[[ RECORDS SUPPLIED open ]]

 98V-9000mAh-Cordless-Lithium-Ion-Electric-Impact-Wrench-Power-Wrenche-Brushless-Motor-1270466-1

[[ RECORDS SUPPLIED closed ]]
[[ RECORDS SUPPLIED open ]]

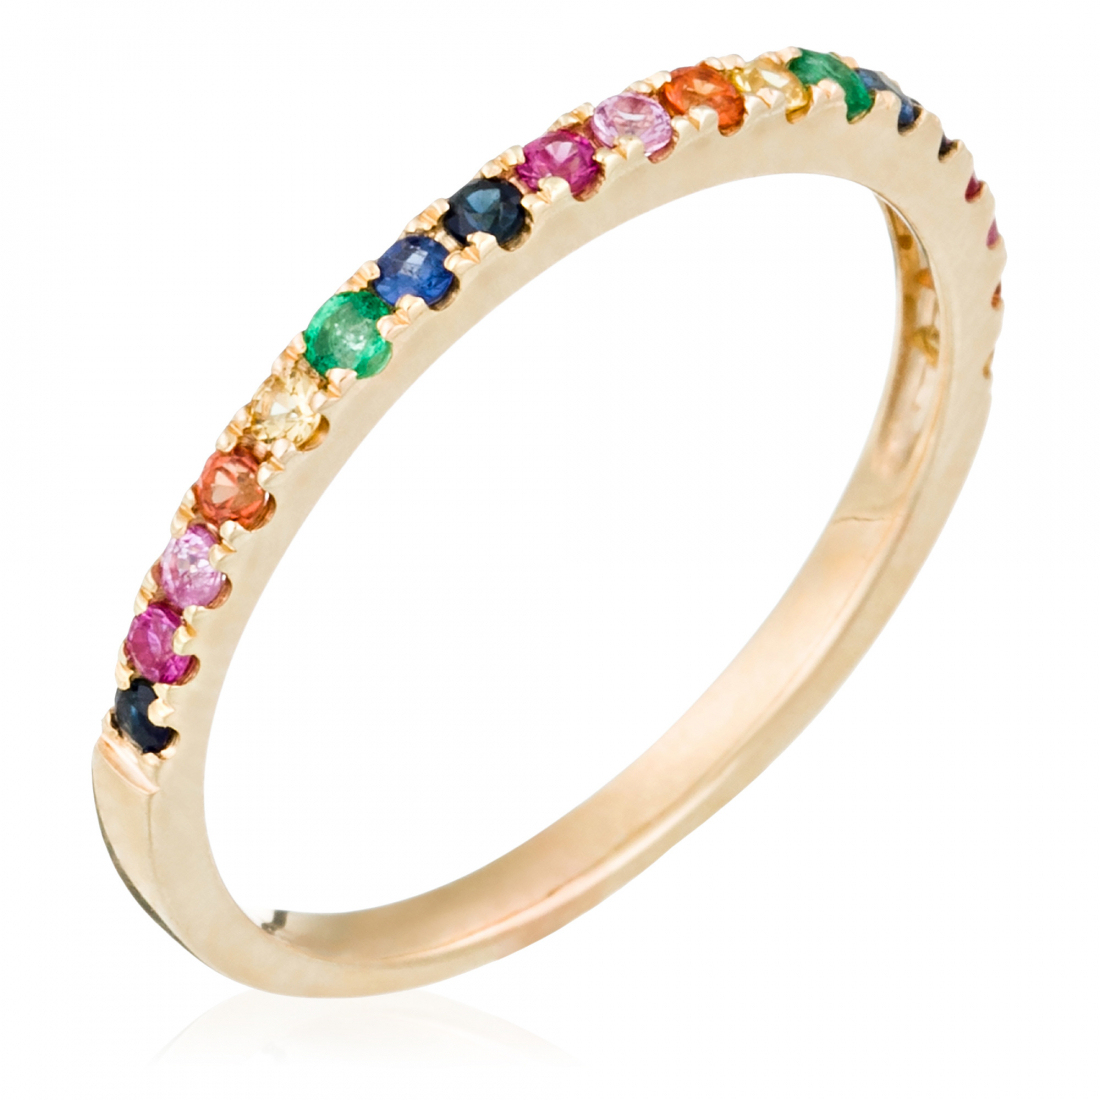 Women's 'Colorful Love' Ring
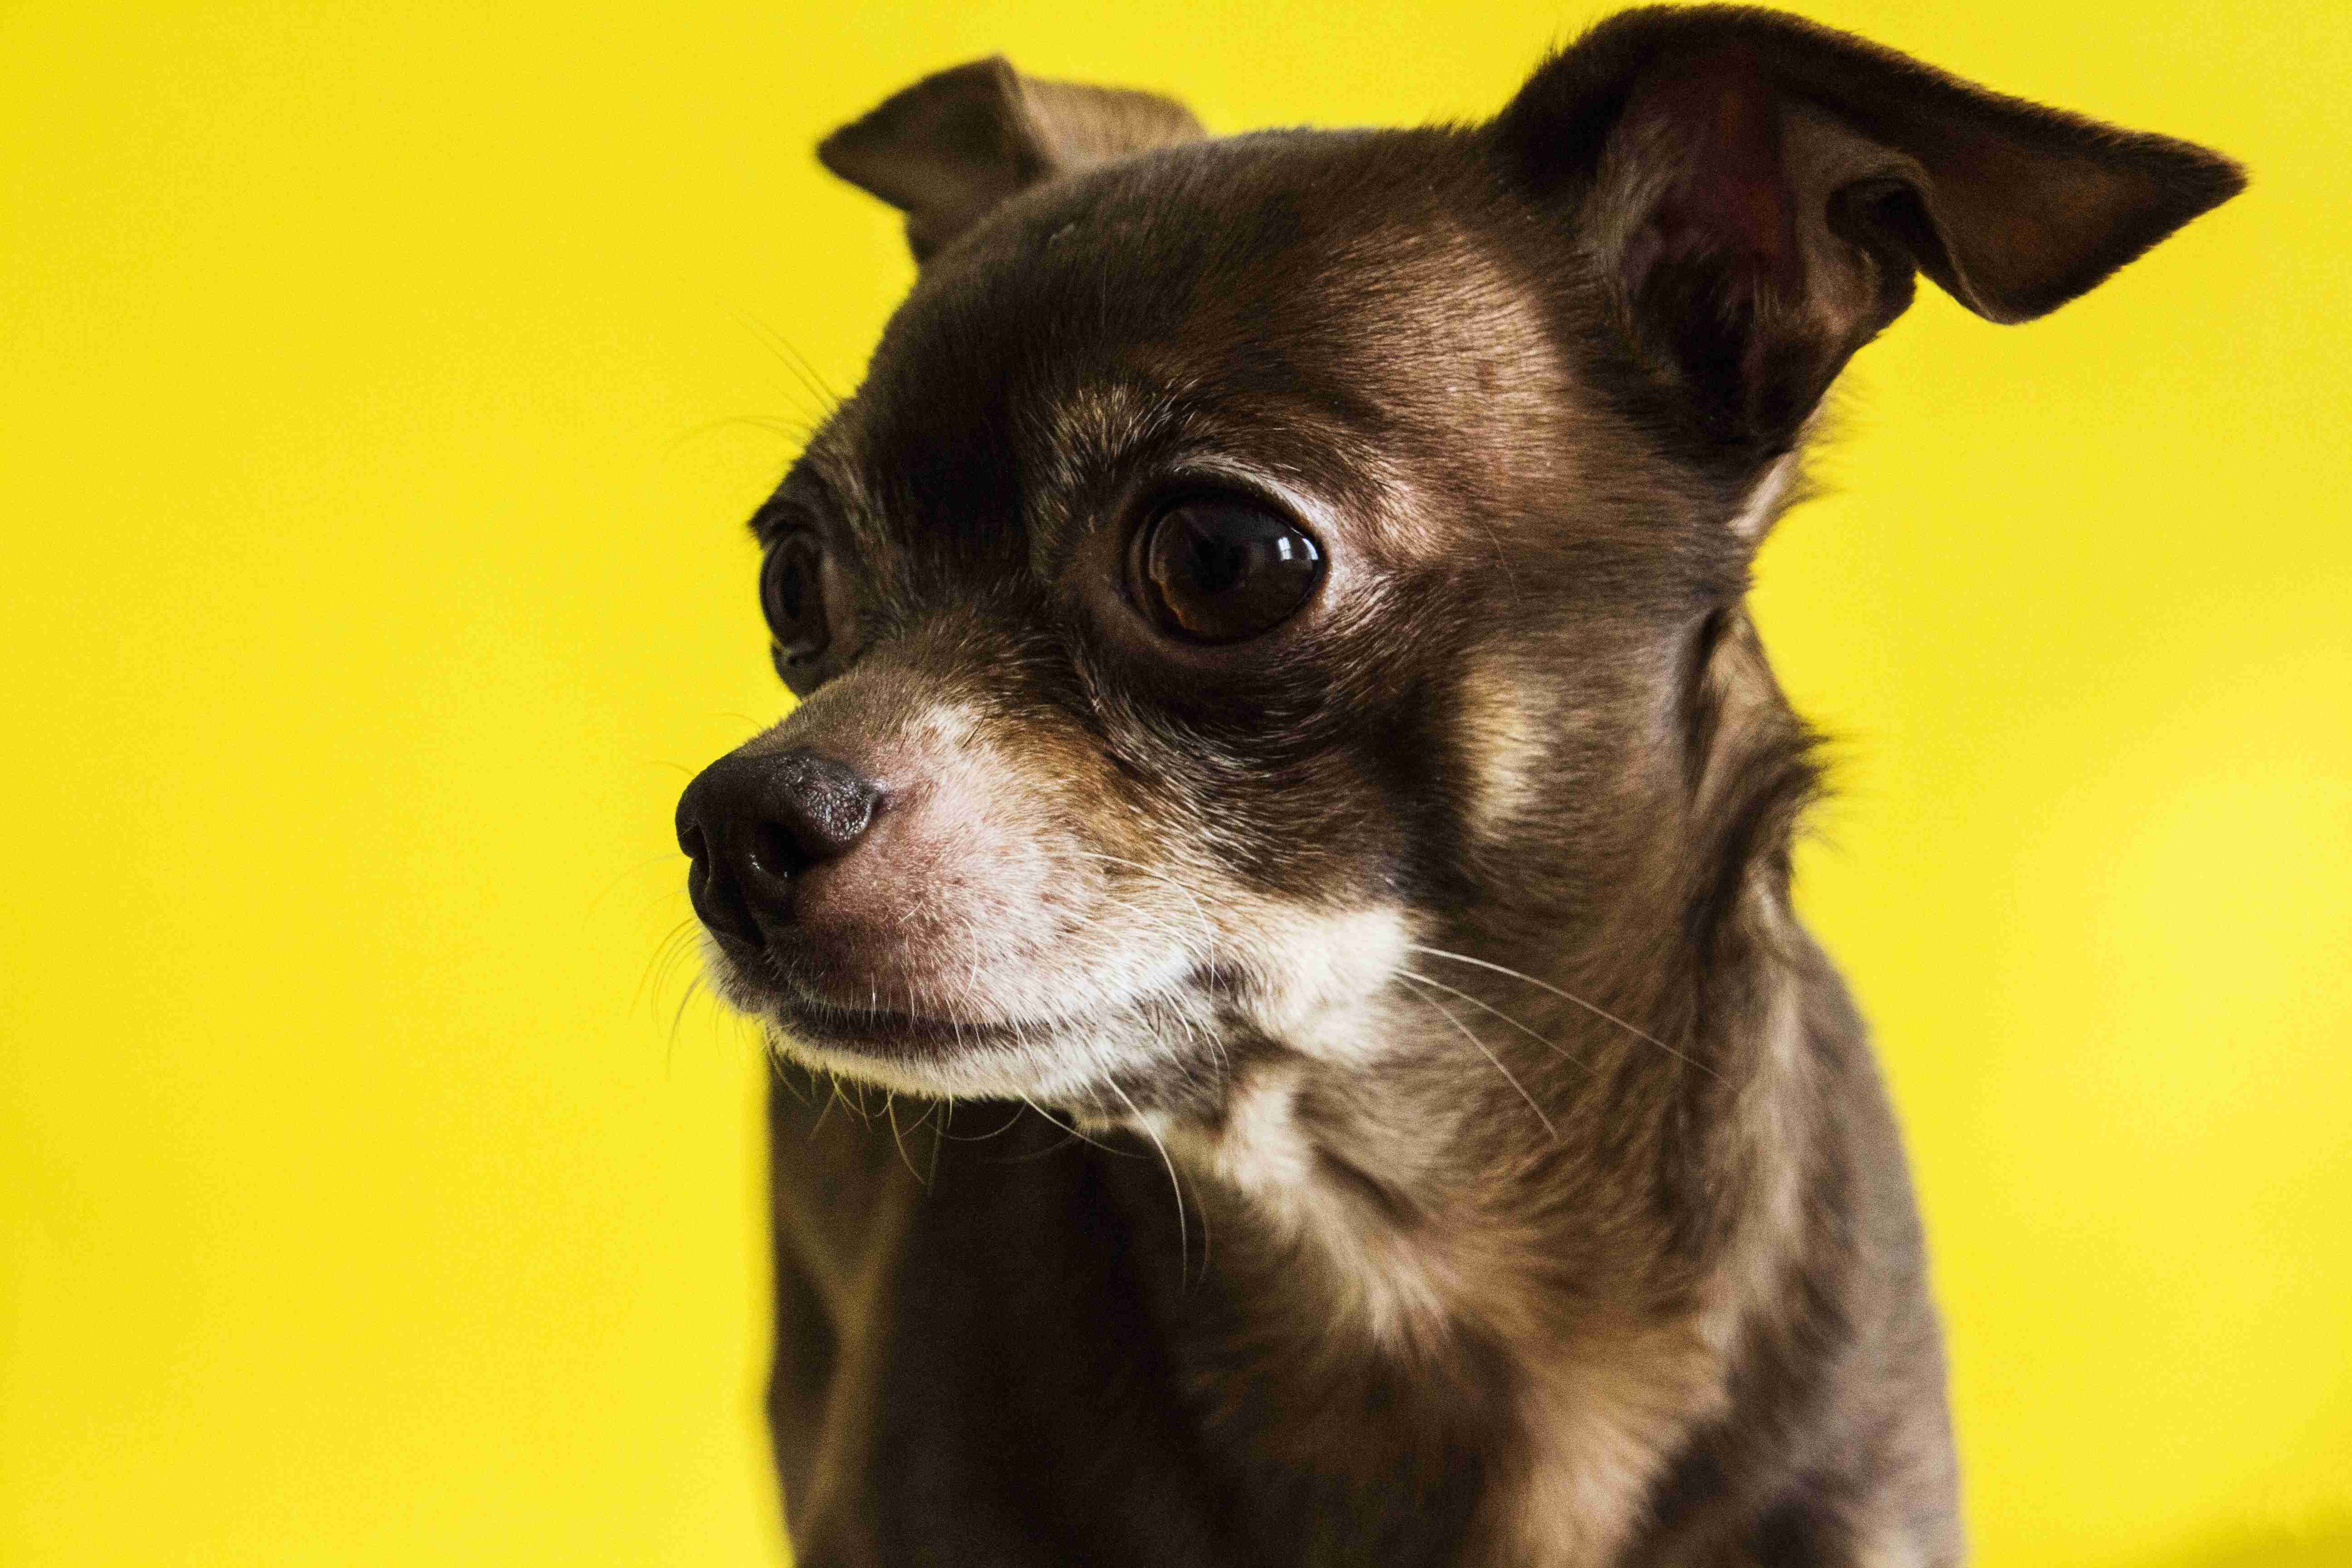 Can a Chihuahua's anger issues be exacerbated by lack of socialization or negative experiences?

[[ RECORDS SUPPLIED closed ]]

■ **WORK TO COMPLETE**
Nothing but the lines from the one containing "Women's 'Colorful Love' Ring" through the one containing "Can a Chihuahua's" should appear, copied exactly from the material above and without pictures.

■ **SOLUTION FOR THIS EXERCISE**
 Women's 'Colorful Love' Ring
 Can a Chihuahua's anger issues be exacerbated by lack of socialization or negative experiences?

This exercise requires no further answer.